Nachiyar Tirumoli (; ) is  a set of 143 verses composed by Andal, one of the twelve Alvars in Vaishnava tradition. In her restlessness and eagerness to attain Kannan (Krishna), Andal attempts various methods by which she can attain union with him, which forms the major part of work. Among the Tirumolis, Varanam Aayiram is very well-known and has a special significance. It details Andal's narration of her dream of her experiences with her friends on her way to achieve her purpose of birth (to marry Kannapiran).

These 143 verses are a part of the 4000 divine hymns of Naalayira Divya Prabandham. The verses are classified into fourteen decads, namely, a prayer to Kama, not to destroy a sand castle, Vastapraharana, securing union with the Lord, requesting a cuckoo to call her Lord, Kothai's marriage, eulogising Vishnu's conch, Megha Sandesa, prangs of separation from the Lord, seeking help to attain the Lord, and in praise of Ranganatha.

Etymology
Tirumoli literally means "sacred verses" in a Tamil poetic style and nachiyar means "woman", sometimes also translated as goddess. Therefore, the title means "Sacred Verses of the Woman". This poem fully reveals Andal's intense longing for Vishnu, her divine beloved. Utilising classical Tamil poetic conventions and interspersing stories from the Vedas and the Puranas, Andal creates imagery that is possibly unparalleled in the whole gamut of Indian religious literature.

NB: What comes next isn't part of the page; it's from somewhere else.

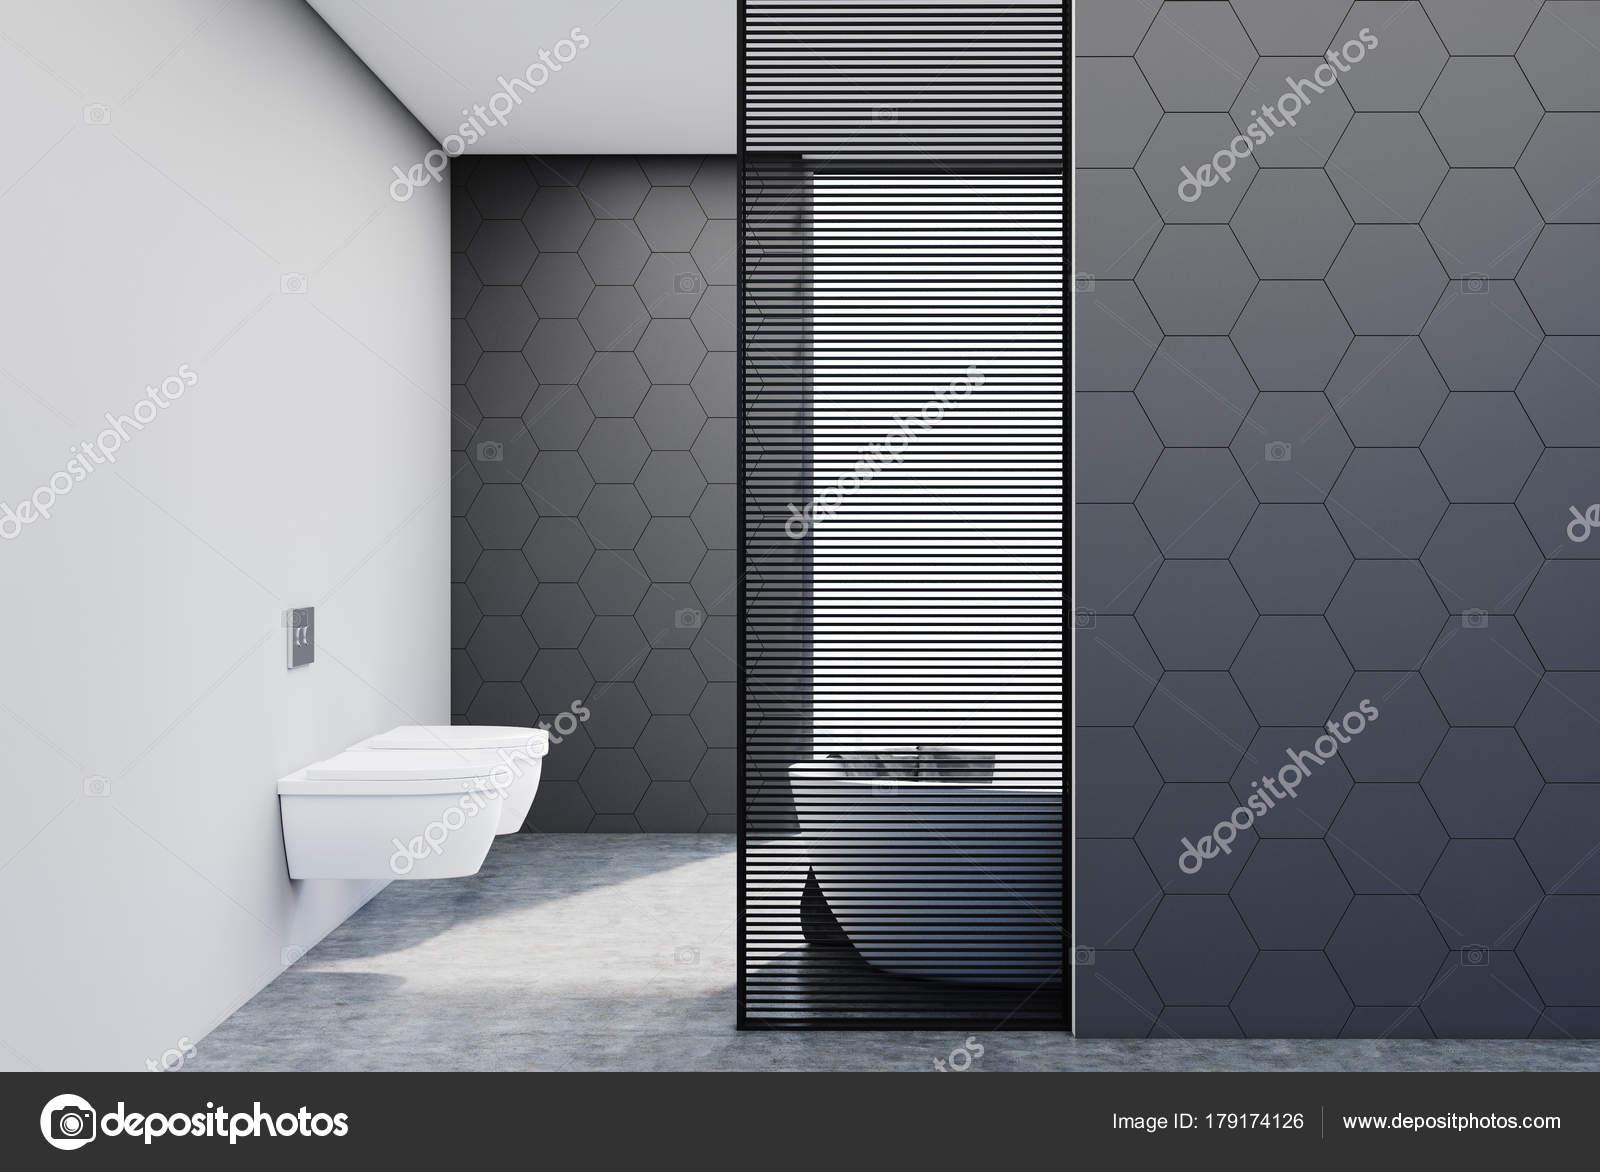 Bagno rivestito di piastrelle grigie vasca e wc u foto stock

Organisation of the verses

These 143 pasurams (verses) are organized in 14 segments and each one is called "Tirumoli". Thus the first set of ten pasurams is called as first Tirumoli. And is named after the first phrase of the first pasuram 'tai oru tingalum' (Tamil : தையொரு திங்கள்) .Similarly, all the other Tirumolis are named after the first phrase of first pasuram. And each Tirumoli deals with one specific topic. The first decad is a set of verses to pray Kama to seek Krishna as her husband. Andal expresses that she will lose her life if she is married to someone else other than Krishna. The second decad is a compilation of Andal's prayer to preserver the sand castle she built on the river. The third decad is a set similar to the vastraprahana, the playful chapter in Krishna's life when he took away garments of Gopikas and their request to get them back. The fourth decad has poems where she expresses her union with Lord. Kuyil Pattu or cuckoo's song forms the fifth decad where Andal requests cuckoo to sing in praise of Krishna. Experts attribute the verses to Pancharartra Agama, a mode of worship practiced in Vaishnavite temples. The sixth decad indicates her dream to marry Lord laying down the principles of spiritual dynamics. The eighth Tirumoli called "Vinnila Melappu" deals with Kodai telling her plight to the clouds and sending them as her messenger to Govindan, who is stationed in Thirumalai. The remaining Tirumolis are dedicated to different efforts by Andal to somehow speed up her union with Perumal. In the process, she waits impatiently, and finally in Patti Meindor Karerur Tirumoli, she is reunited with Vishnu.

Critical analysis
Some of Andal's verses express love for Vishnu, written with bold sensuality and startlingly savage longing, hunger and inquiry, that even today many of her most erotic poems are rarely rendered publicly. In one such verse Andal dispenses with metaphor and imagines that she herself in lying in the arms of Krishna, and making love to him:

"My life will be spared / Only if he will come / To stay for me for one night / If he will enter me, / So as to leave / the imprint of his saffron paste / upon my breasts / Mixing, churning, maddening me inside, / Gathering my swollen ripeness / Spilling nectar, / As my body and blood / Bursts into flower."

tell him I will survive
only if he will stay with me
for one day - 
enter me
so as to wipe away
the saffron paste
adorning my breasts(p. 140)

Andal whilst admiring herself wearing the garland which was meant for the deity,
the guilt glazed love lay on Andal's breasts.
thick and heavy as him.
frightened with force
and locked away, she conjured him every night,
her empurumaan, her emperor-man. 

My surging breasts long to leap to the touch of his hand which holds aloft the flaming discus and the conch.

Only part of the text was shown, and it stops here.